While the press in Canada is most threatened by corporate takeovers – killing competition and stifling the range of debate that threatens the status quo – the dangers are much more visceral in much of the rest of the world.
The 2018 World Press Freedom Index compiled by Reporters Without Borders ranks Canada at 18th on the list of 180 countries, sandwiched between Luxembourg and Australia. Not surprisingly, the list is headed by Norway, Sweden, Netherlands, Finland and Switzerland, countries that often top the list of progressive traits. Down among the bottom dwellers are the likes of North Korea, Syria, China, Sudan, Somalia and Iran.
Not uncoincidentally, some of those at the bottom of the list are countries where journalists are more likely to be killed or imprisoned.
At least 81 reporters were killed on the job in 2017, according to the International Federation of Journalists. Some were murdered, some caught up in bomb attacks and others killed in crossfire incidents. More than 250 journalists were in prison last year.
The 2017 death figures were the lowest in a decade – down from 93 in 2016, for instance – but other forms of violence and harassment against media workers have skyrocketed.
As with the journalists killed, the incidents are more rife in places like Mexico (147th on the list, and home to the most deaths) and the war zones of Afghanistan (118), Iraq (160) and Syria (177).
The situation underscores the need for something like World Press Freedom Day.
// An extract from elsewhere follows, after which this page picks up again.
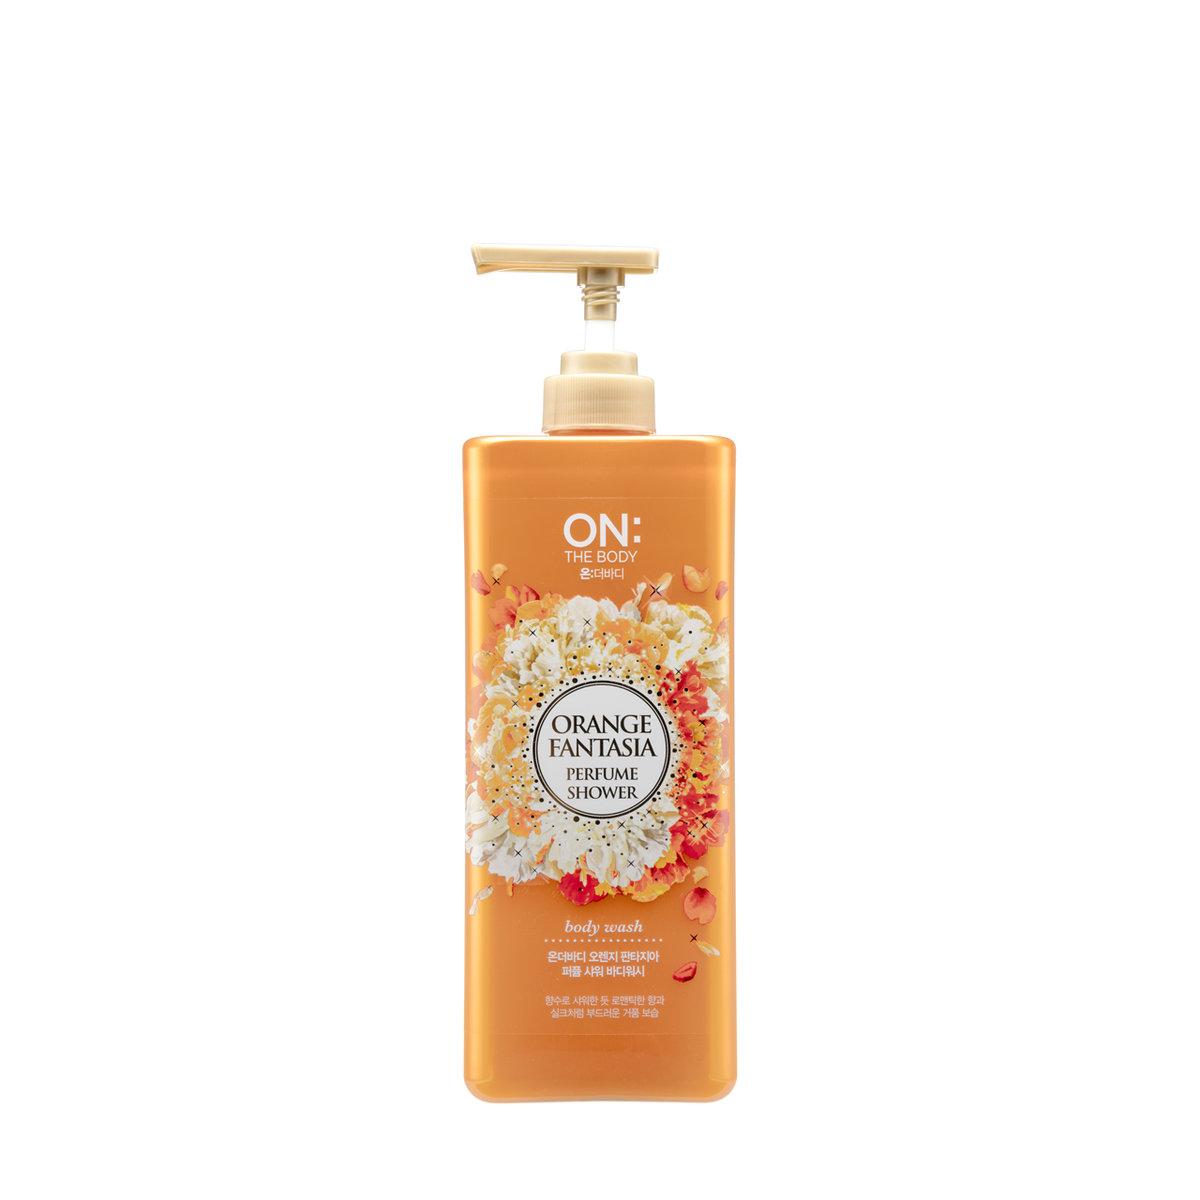 橙色狂想曲香水沐浴露 (900克)

More broadly, the press is working in an environment where governments and corporate interests are working hard to keep the public in the dark, preferring their power go unchecked.
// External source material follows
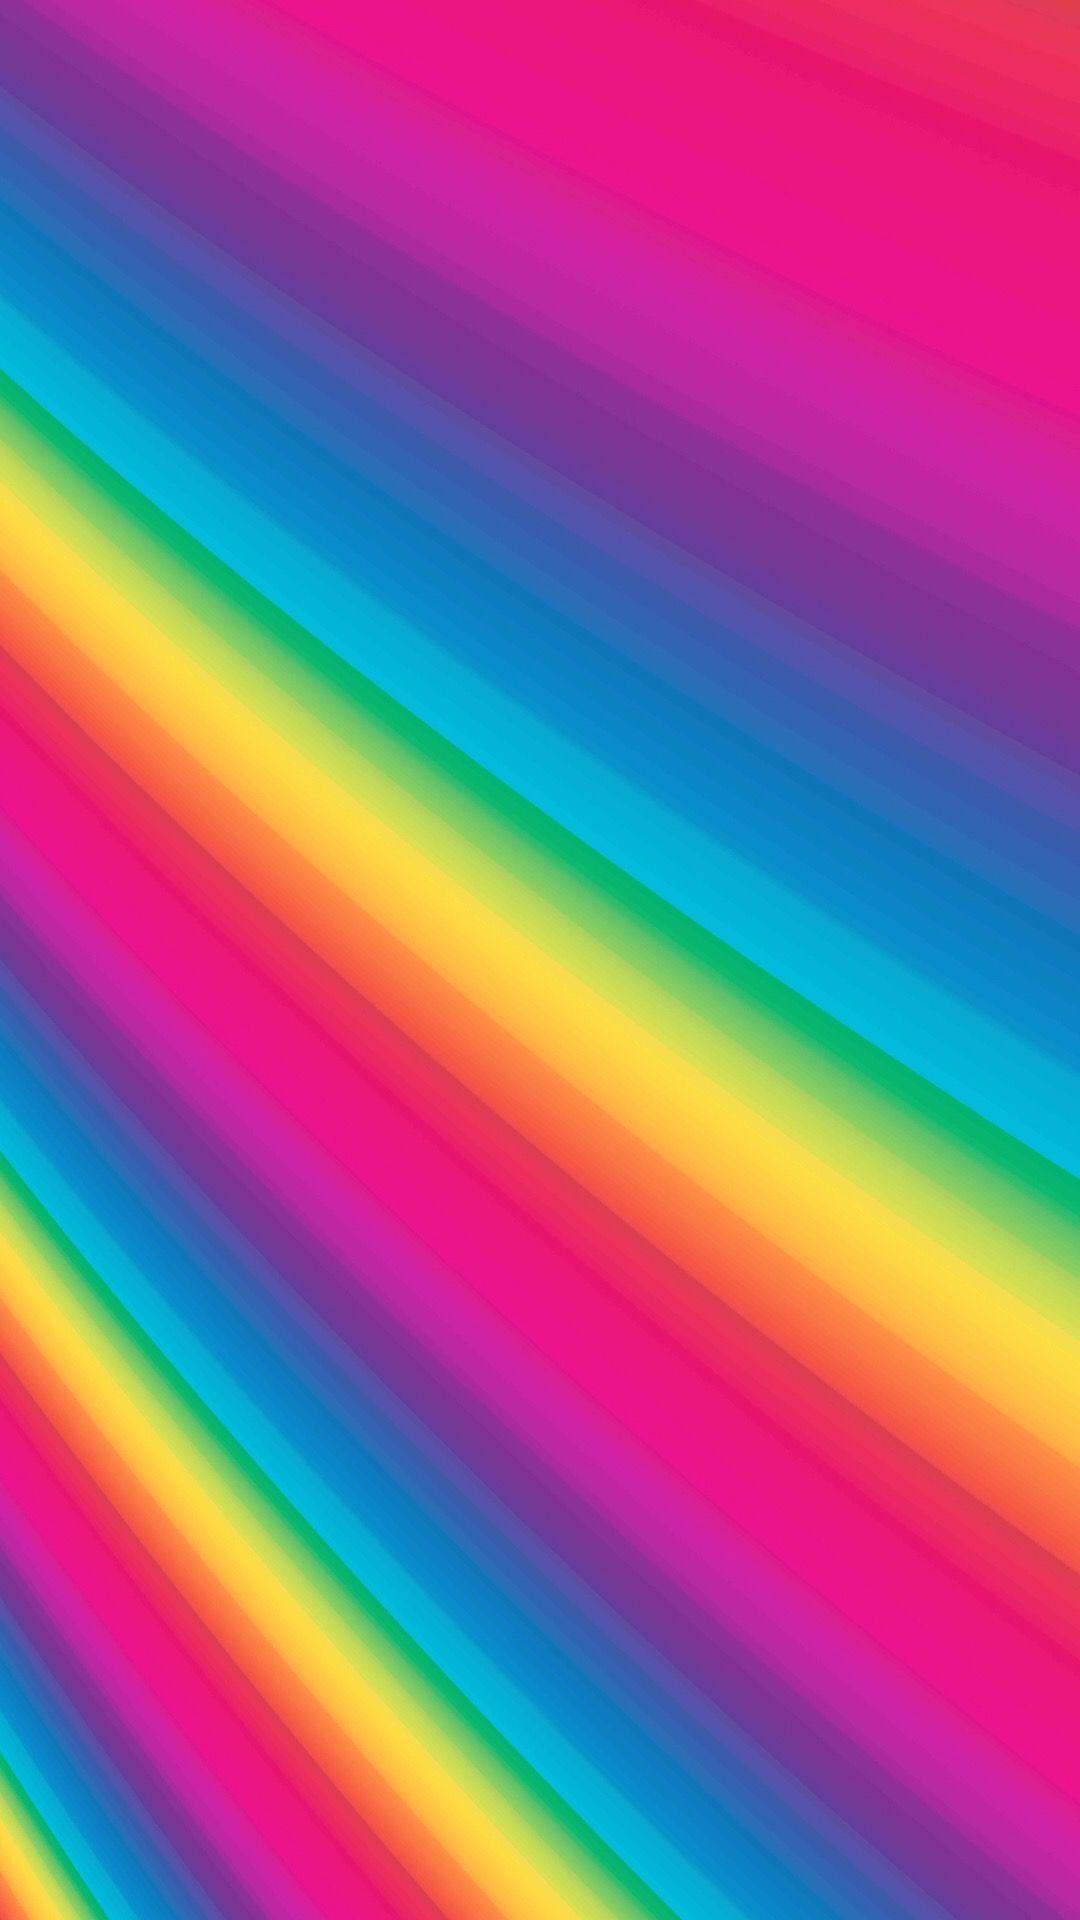 Cellphone Background / Wallpaper Rainbow wallpaper

With that in mind, this year’s freedom day theme is “Keeping power in check: media, justice and the rule of law.”
By and large, journalists everywhere struggle with political infrastructures seemingly dedicated to keeping the public in the dark. Openness is an anathema to many in the political ranks, elected officials and administrators alike, who seek to keep information to themselves. This sad reality has spawned organized efforts by public groups, including journalists, to make government more transparent .
Of course, such obfuscation is more clearly evident in larger governments (and, in keeping with current trends, larger businesses whose executives have a vested interest in hiding the truth). This is not to say that local governments are bastions of openness. Given their size and relatively lighter agendas, however, there are fewer opportunities to impose blackouts on the press and, by extension, their readers.
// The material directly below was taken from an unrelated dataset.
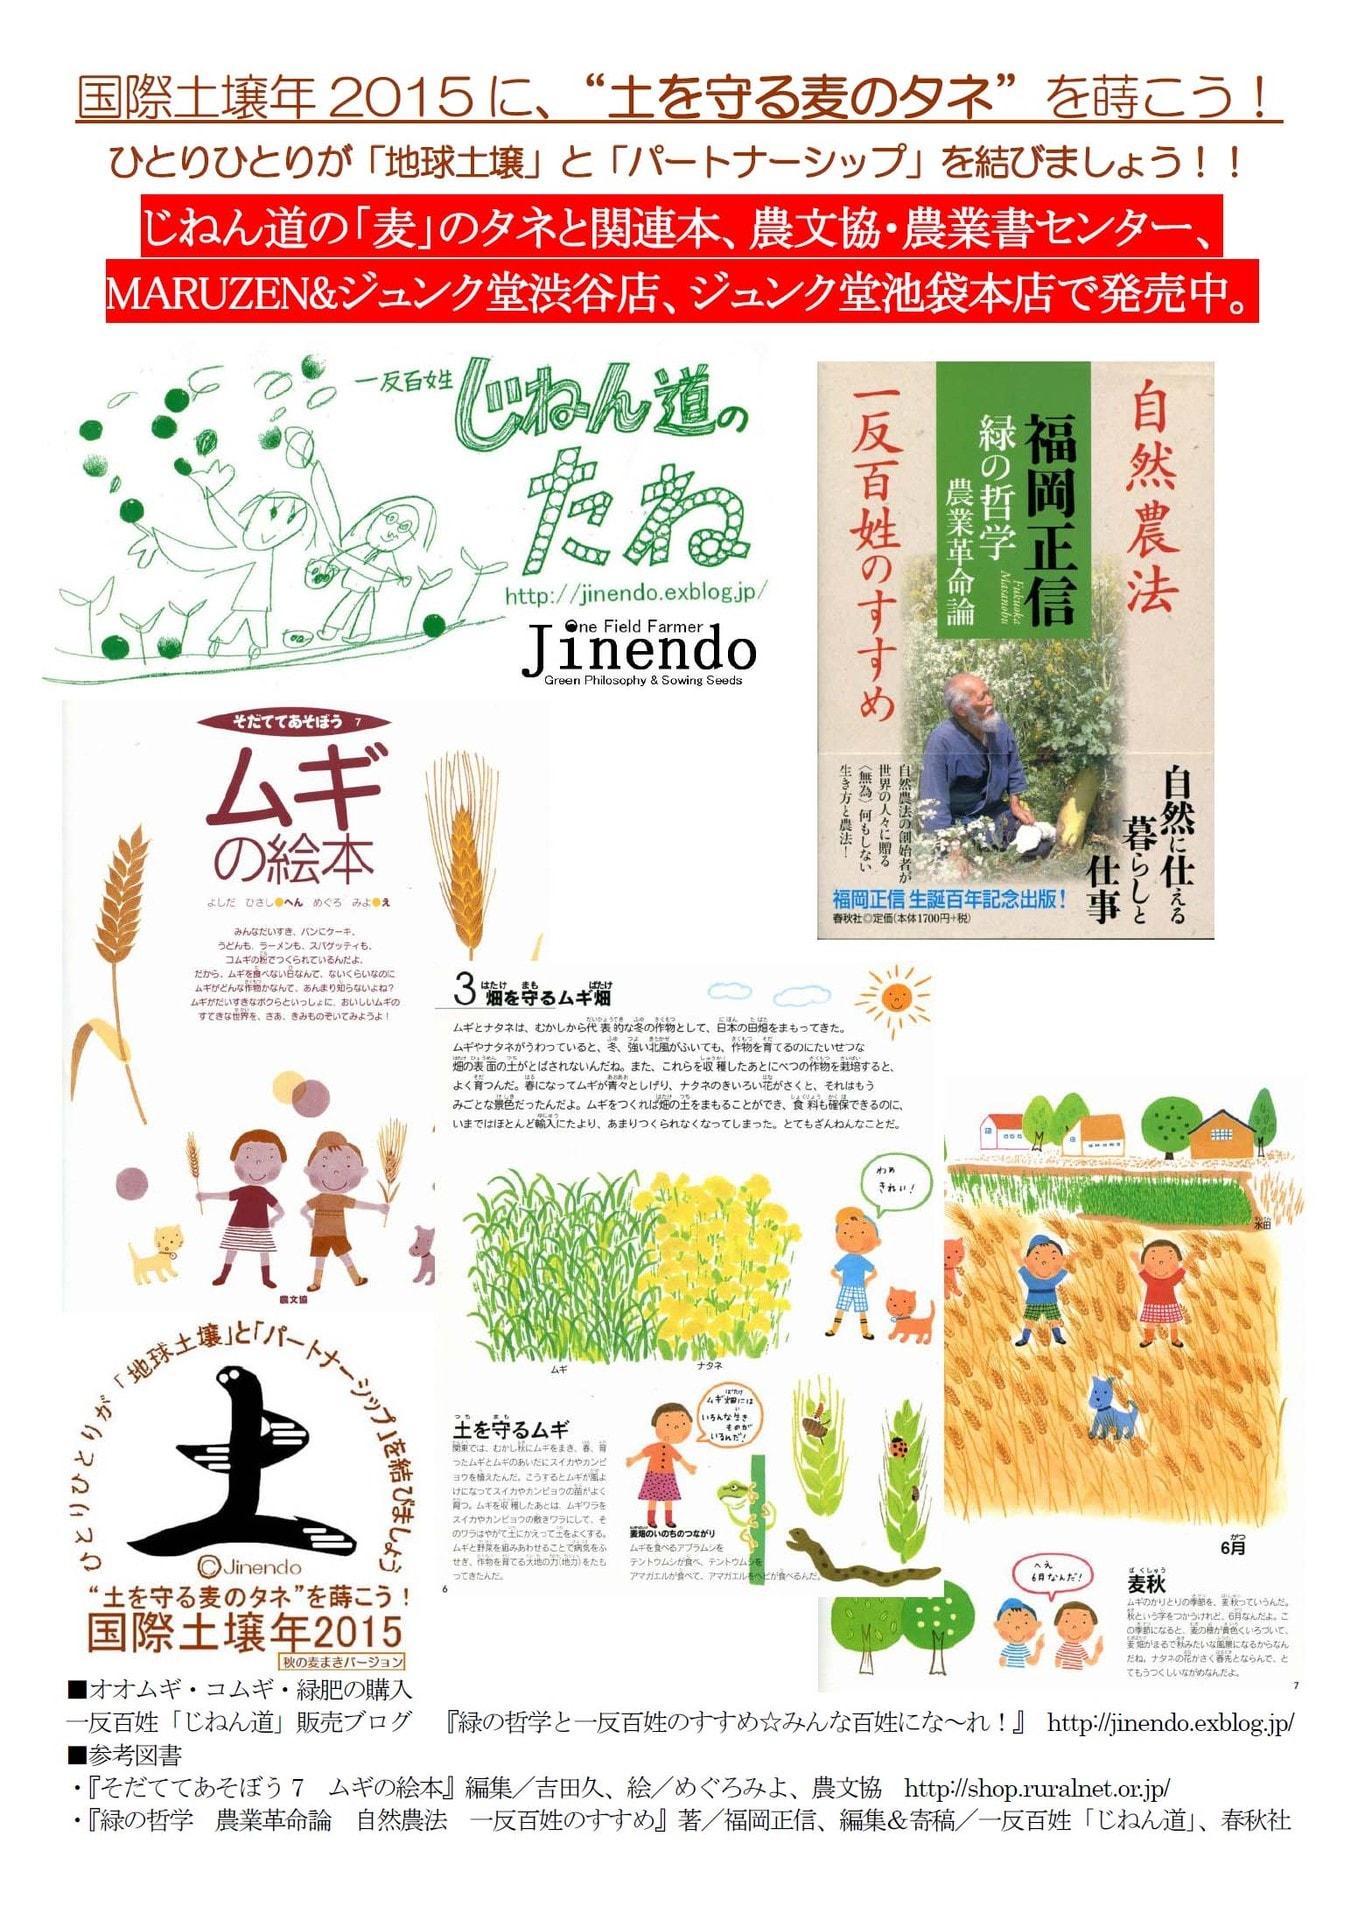 """国際土壌年2015""""土を守る麦のタネ""""を蒔こう!!秋のフェア@神保町の ..."""

Transparency is crucial to ensuring that elected representatives are politically accountable, an ideal check on power. Access to information is the cornerstone of democracy.
Newspapers, this one included, would have governments lean toward the other, more open side. Events such as those marked by groups such as Reporters Without Borders and Canadian Journalists for Free Expression have shown the perils of doing otherwise.